His boot connected with my shoulder. It wasn't a playful shove. It was a strike. The impact sent shockwaves through my fragile human frame. I cried out as I was sent sprawling backward into the slush. My head hit the mud with a wet smack.
"Don't touch me," he snarled, wiping his pants as if my touch had contaminated him. "You smell like failure."
Lara laughed. It was a beautiful, tinkling sound that made my blood run cold. She stepped closer to him, linking her arm with his, resting her head on his shoulder.
"Come, Alpha," she said sweetly, glaring at me with triumphant eyes. "Let’s go inside. The banquet is waiting. We have an engagement to celebrate."
Engagement.
The word was a knife twisting in my gut. He wasn't just rejecting me. He was replacing me. On the very same day. He had planned this. He knew I wouldn't shift. He had Lara ready to take my place the moment I failed.
Something inside me snapped. It wasn't the bond this time. It was my hope.
I lay in the mud, rain pounding against my face. I watched them walk away toward the warmth of the Packhouse. The massive oak doors opened, spilling golden light and the smell of roasted meat into the dark night.
Then, they closed.
BOOM.
The sound echoed like the lid of a coffin slamming shut. Locked out.
The pack members turned their backs on me one by one. No one stepped forward. No one offered a coat. No one looked me in the eye. They followed their Alpha, leaving me alone in the dark, freezing storm.
I was truly alone. I should have died right there. I wanted to.
The pain of the severed bond was pulling me into unconsciousness. The cold was numbing my limbs, turning my fingers blue. The hypothermia was setting in, inviting me to sleep.
Just let go, a dark voice whispered in my mind. Let the cold take you. It will be over soon.
My eyes fluttered shut. But then, my hand brushed against my stomach.
A jolt of electricity shot through me. It wasn't magic. It was reality.
A secret. A tiny, flickering spark of life that Kaelen didn't know about. A mistake from one night of weakness two months ago, before the rejection, before the hatred.
I gritted my teeth. I dug my fingers into the wet earth until my nails bled.

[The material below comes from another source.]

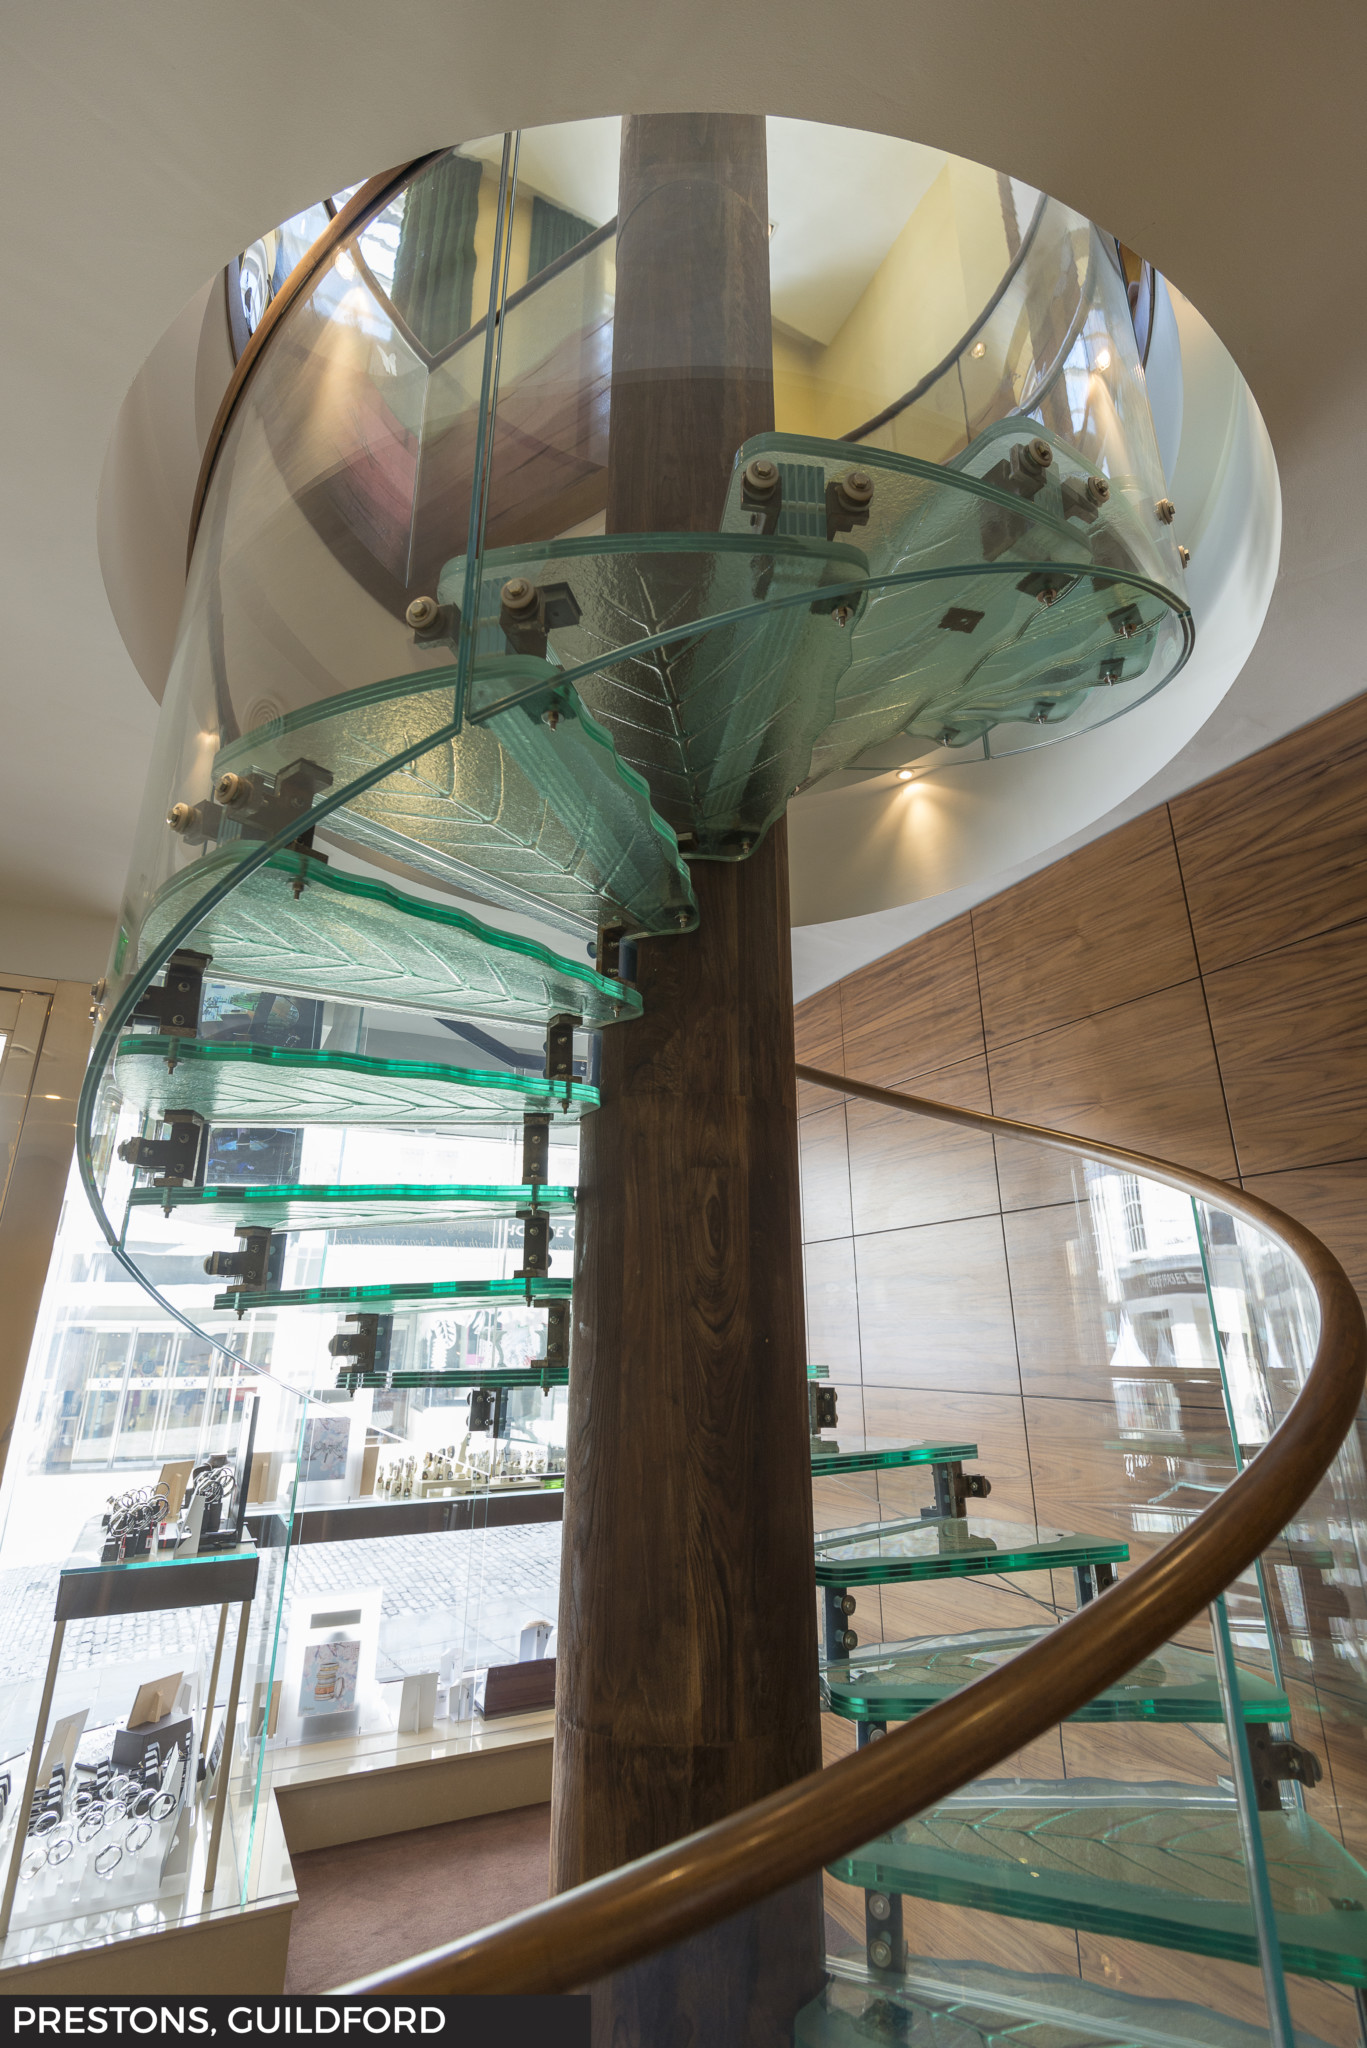 A striking spiral glass staircase connects the ground and first floors at prestons in guildford.

No. I cannot die. Not yet.
I forced my trembling legs to move. I pushed myself up, swaying like a reed in the wind. My shoulder throbbed where he had kicked me. My heart bled where he had rejected me.
I looked at the closed doors. At the warm light spilling from the windows where they were celebrating my 'death'. I could hear music. I could hear laughter. They were happy without me.
"I accept your rejection, Alpha Kaelen," I whispered to the howling wind. My voice was broken. Jagged like glass shards. But it was steady.
"But you are wrong about one thing."
I clutched my stomach, shielding the tiny life inside from the storm.
"I am not weak."
I turned my back on the light. I turned my back on the only home I had ever known. I faced the pitch-black darkness of the Forbidden Forest. The trees loomed like monsters, their branches reaching out to grab me.
I took the first step. Then the second.
The mud sucked at my feet. The cold tried to swallow me whole. But a new fire burned in my chest. Stubborn. Hungry.
Kaelen thought he had thrown away a piece of trash. He thought Vesper Thorne would die quietly in the night.
He was wrong.
The girl who walked into those woods would not survive the night. Vesper the Weak died in the mud.
But whatever walked out of that forest five years later... Would be a monster.